Daniel Kokotajlo comments on Daniel Kokotajlo’s Shortform

Daniel Kokotajlo 8 Apr 2026 20:11 UTC
12 points
6
Thanks. Reasoning aloud...

So Yudkowsky was wrong because he said this would happen “by default” whereas in practice it seems to happen only some of the time rather than most of the time / in some contexts/prompts rather than in most contexts/prompts?

I guess so yeah. I suppose Yudkowsky could say that by “by default” he didn’t mean “most of the time” but rather “most of the time absent defeaters such as having been trained not to do this.” But maybe that’s a weak defense.

But this doesn’t exactly seem like a damning blow against Yudkowsky.

More generally it seems like Yudkowsky was imagining AIs with more ambitious, longer-horizon goals than current AIs who seem obsessed with being-judged-to-have-completed-the-task-in-front-of-them, or reward, or some other such myopic thing.
- 1a3orn 8 Apr 2026 20:55 UTC
  15 points
  5
  Parent
  
  More generally it seems like Yudkowsky was imagining AIs with more ambitious, longer-horizon goals than current AIs who seem obsessed with being-judged-to-have-completed-the-task-in-front-of-them, or reward, or some other such myopic thing.
  
  Yudkowsky may or may not have been imagining that this was how AIs were going to trained. But it’s notable that this page doesn’t reference training at all; he certainly doesn’t have a parenthetical like “Of course this only applies if some other factors A, B, C” are met. Instead he has a list of criteria; the criteria obtain; but his conclusion does not (imo).
  
  And—to zoom back—the point of arguments about instrumental convergence were actually supposed to abstract from these details—the whole argument in favor of their predictive power was that they explained the abstract structure all intelligent agents were supposed to have. Like here’s what Omohundro (2008) says:
  
  The arguments are simple, but the style of reasoning may take some getting used to. Researchers have explored a wide variety of architectures for building intelligent systems [2]: neural networks, genetic algorithms, theorem provers, expert systems, Bayesian net- works, fuzzy logic, evolutionary programming, etc.

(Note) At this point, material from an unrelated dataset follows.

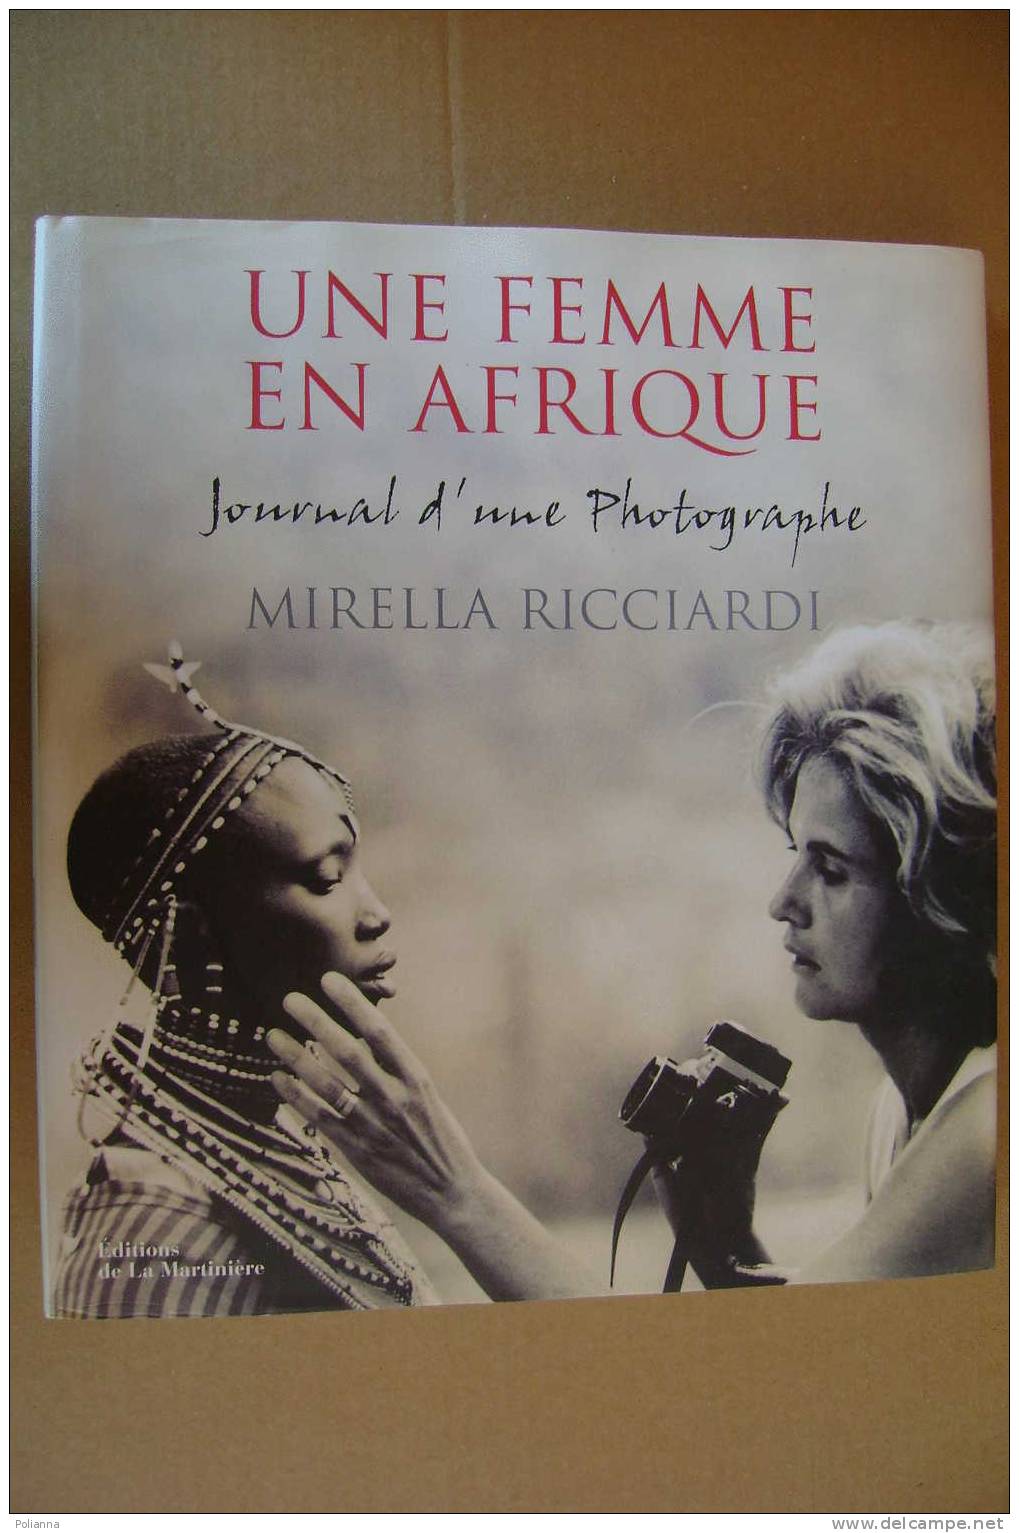 PAL/1 UNE FEMME EN AFRIQUE - MIRELLA RICCIARDI La Martiniere 2001 / Fotografia/DONNA - Foto

Our arguments apply to any of these kinds of system as long as they are sufficiently powerful. To say that a system of any de- sign is an “artificial intelligence”, we mean that it has goals which it tries to accomplish by acting in the world. If an AI is at all sophisticated, it will have at least some ability to look ahead and envision the consequences of its actions. And it will choose to take the actions which it believes are most likely to meet its goals.
  
  And he goes on to specifically mention chess-playing robots as the kind of agents that would be subject to his argument.
  
  So—here’s how I see it—given that we found some unanticipated detail A that seems to have invalidated an more abstract argument Yudkowsky put forth, I think the move reason dictates is not “Well, yes he wasn’t imagining ~A, but I’m sure A is the only such element” and to continue endorsing the argument, but to realize that this implies a whole host of B, C, D other relevant factors that his abstract considerations have ignored which are relevant.
- Martin Randall 9 Apr 2026 21:40 UTC
  4 points
  2
  Parent
  I don’t think it’s a damning blow against anyone to partially fail to predict 2026 in 2016. Total failure is the normal outcome of futurism, partial failure is a victory.